DATA EXTRACT »
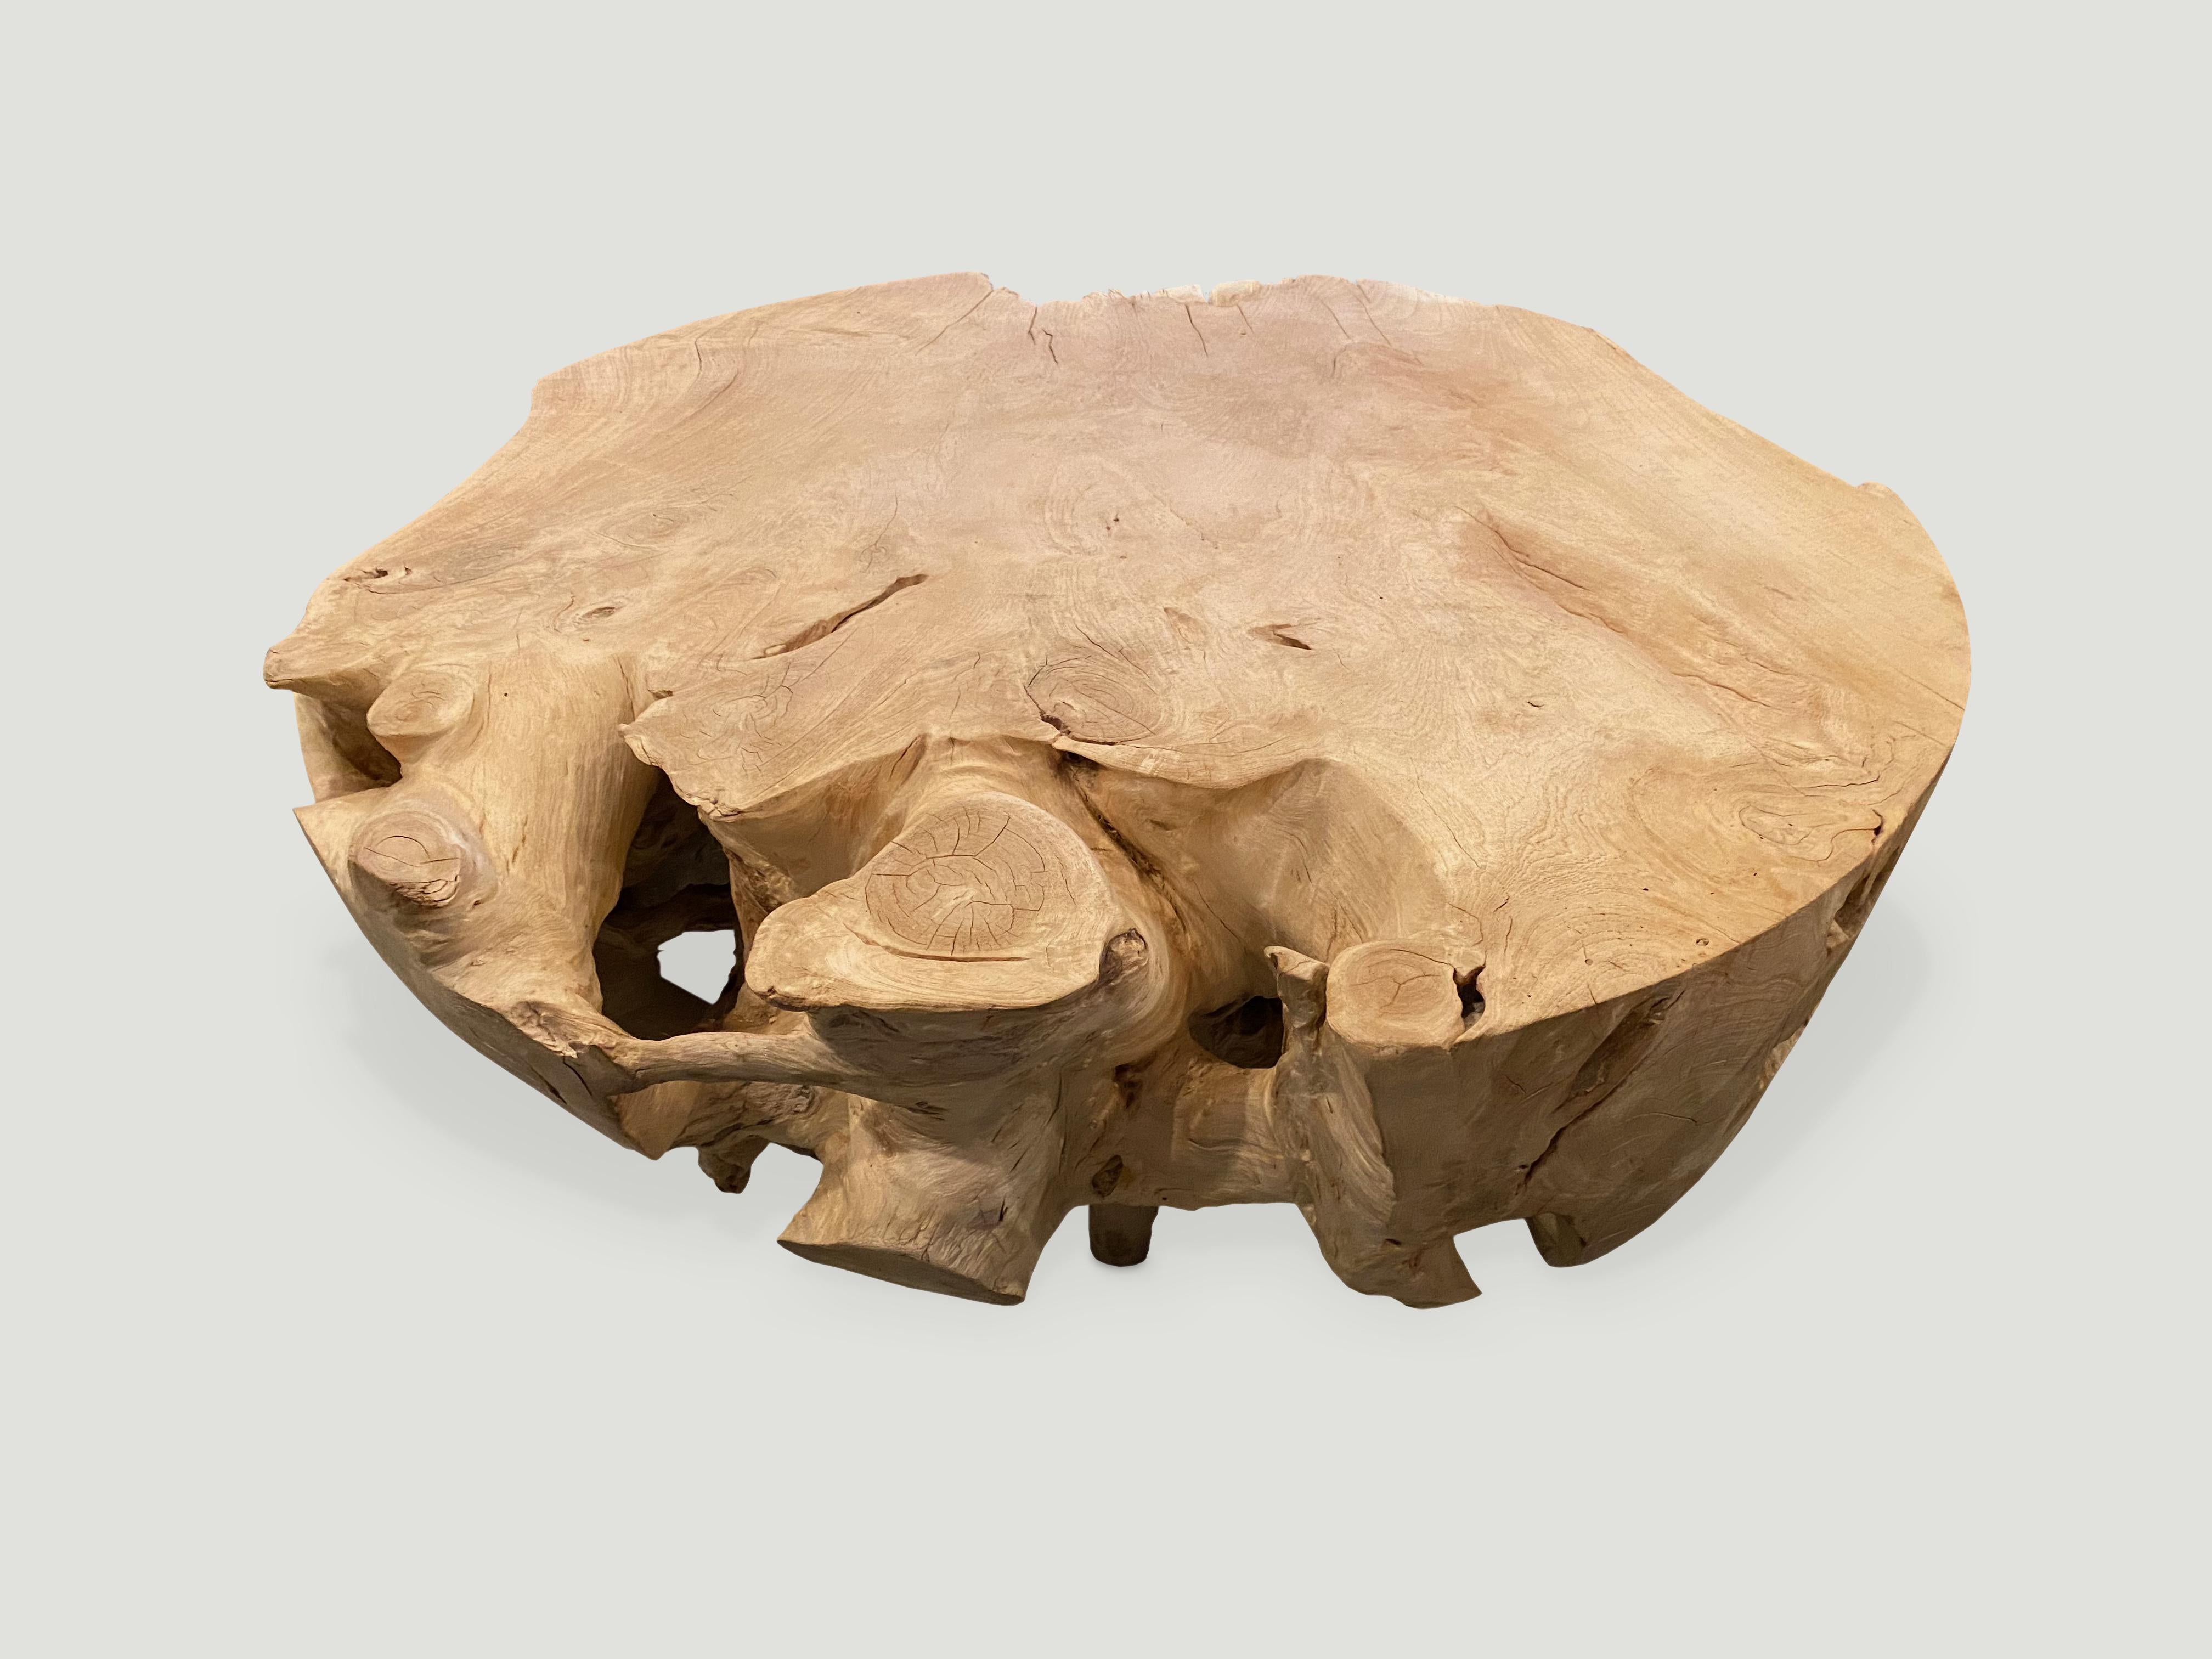 Organic round reclaimed bleached teak wood coffee table. Perfect for inside or outside living.

The St. Barts collection features an exciting new line of organic white wash and natural weathered teak furniture. The reclaimed teak is bleached and
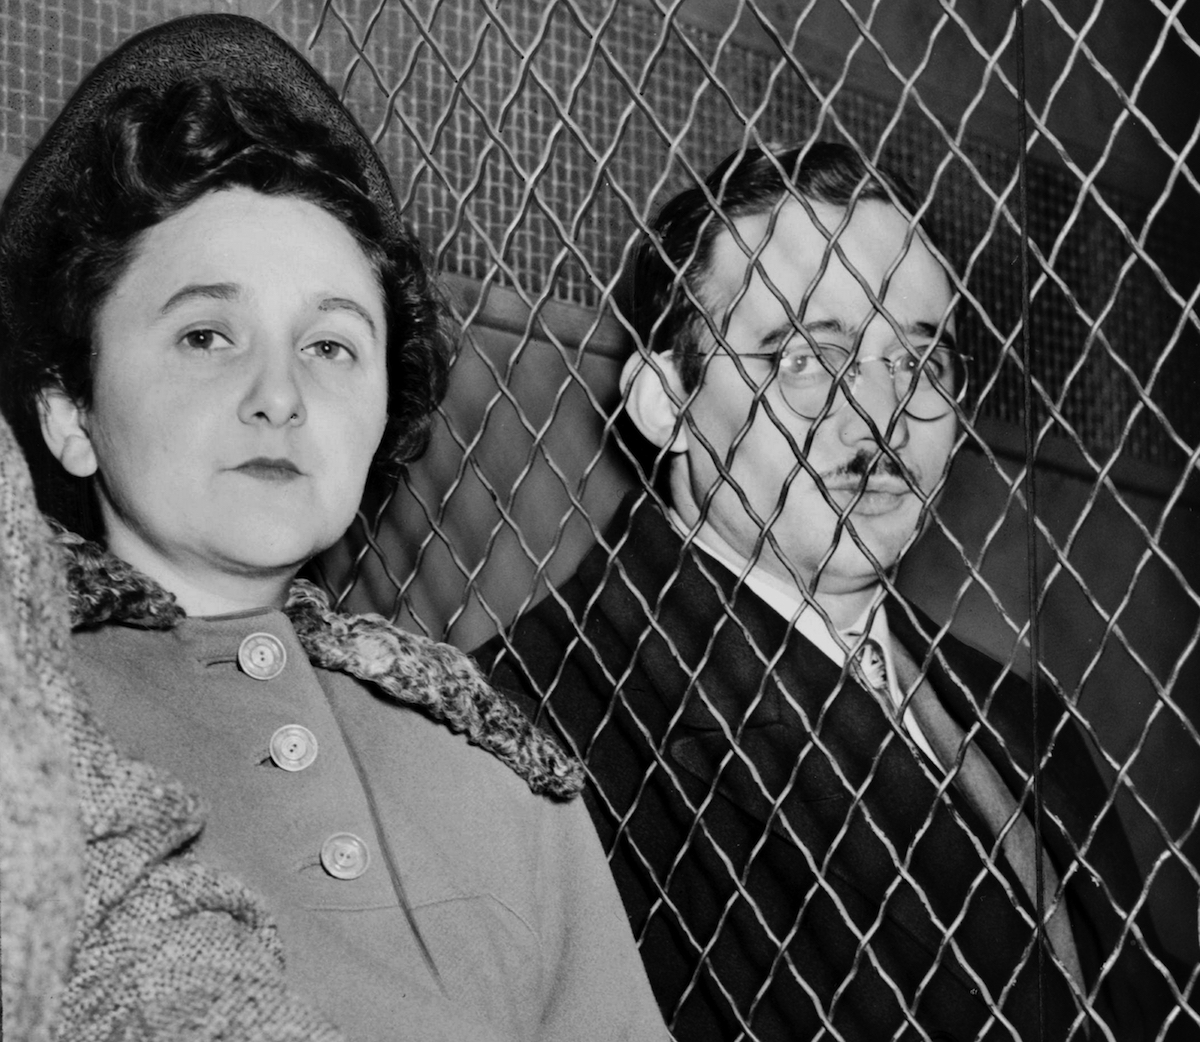 Julius Rosenberg (May 12, 1918 - June 19, 1953) and Ethel Rosenberg (September 28, 1915 - June 19, 1953) American communists, executed after having been found guilty of conspiracy to commit espionage. The charges were in relation to the passing of informa
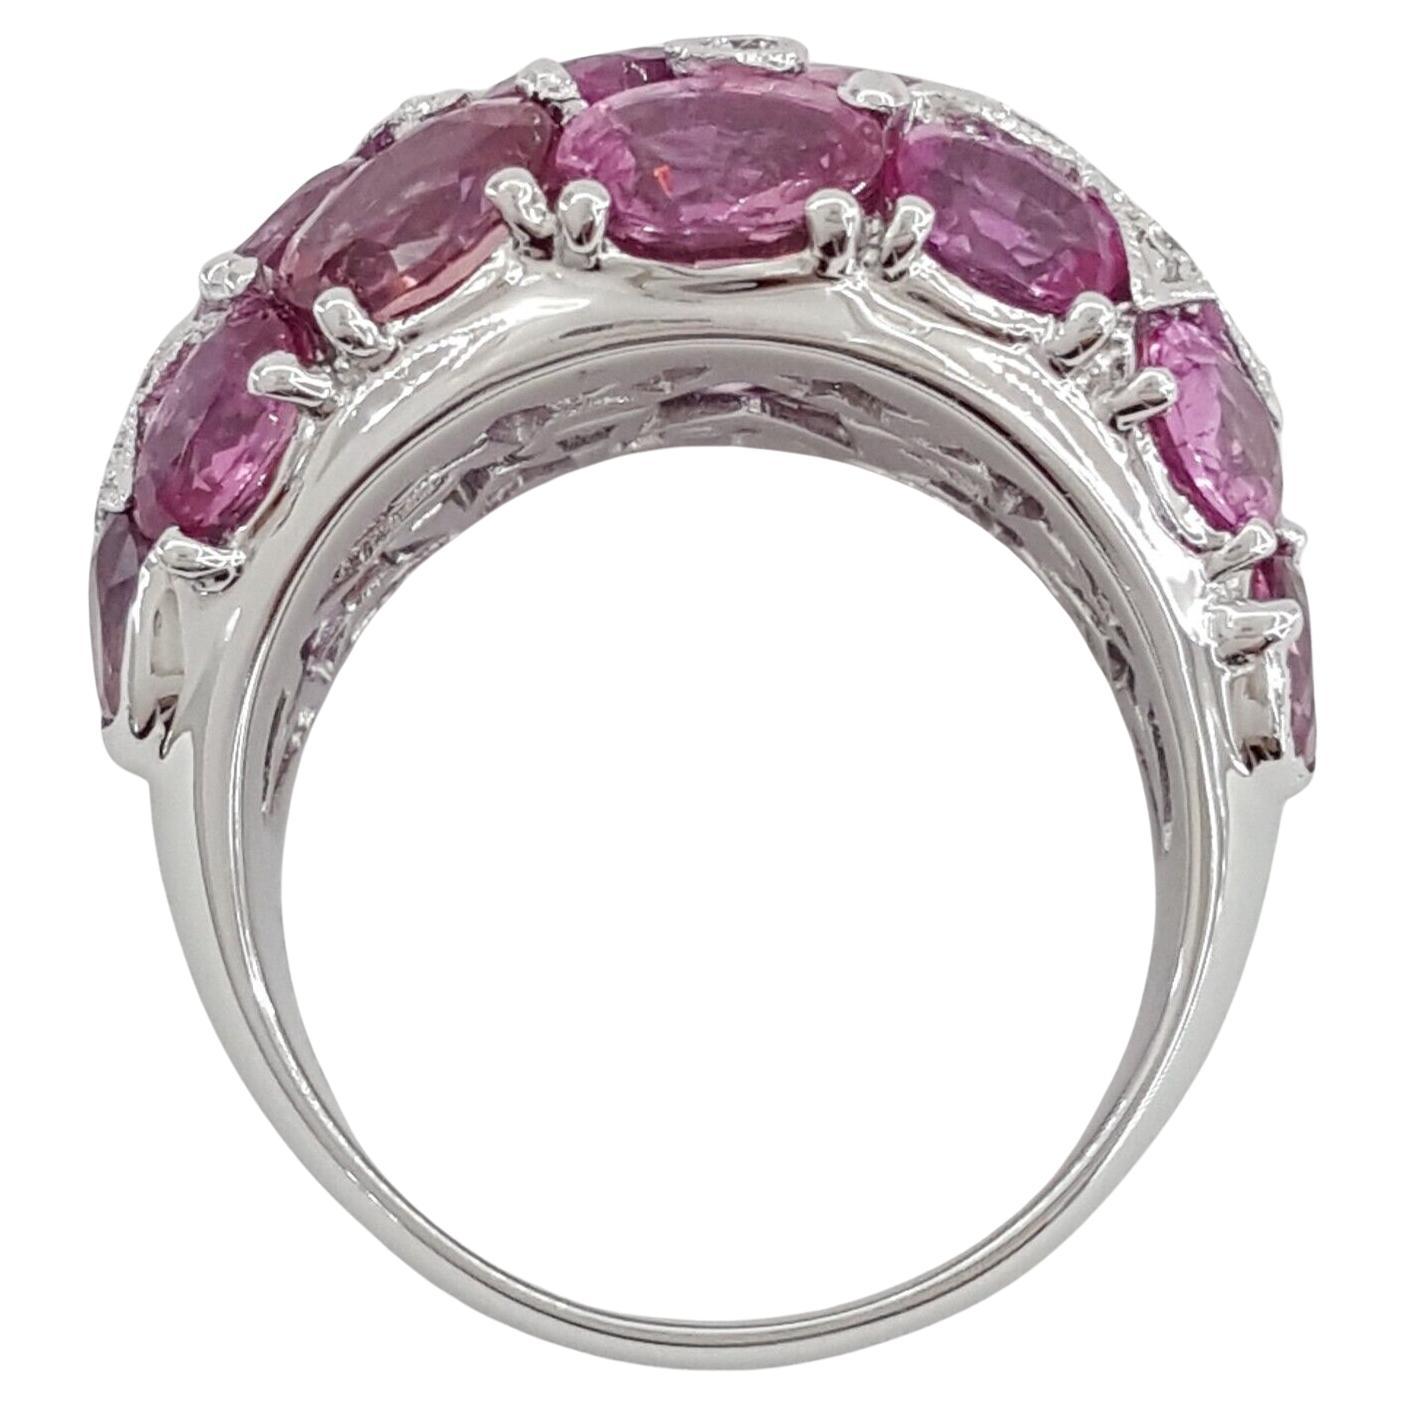 This exquisite Cocktail/Statement Ring in 18k White Gold showcases a total weight of 12.14 carats. Weighing 12.5 grams and sized at 6.75 (suitable for finger sizes 6.25-6.75 due to its width), the ring features 20 Natural Pink Sapphires,

WORK TO COMPLETE »
Your response must consist of the material above, reproduced word for word, with the images omitted.

SOLUTION TO THIS EXERCISE »
 Organic round reclaimed bleached teak wood coffee table. Perfect for inside or outside living.

The St. Barts collection features an exciting new line of organic white wash and natural weathered teak furniture. The reclaimed teak is bleached and
 Julius Rosenberg (May 12, 1918 - June 19, 1953) and Ethel Rosenberg (September 28, 1915 - June 19, 1953) American communists, executed after having been found guilty of conspiracy to commit espionage. The charges were in relation to the passing of informa
 This exquisite Cocktail/Statement Ring in 18k White Gold showcases a total weight of 12.14 carats. Weighing 12.5 grams and sized at 6.75 (suitable for finger sizes 6.25-6.75 due to its width), the ring features 20 Natural Pink Sapphires,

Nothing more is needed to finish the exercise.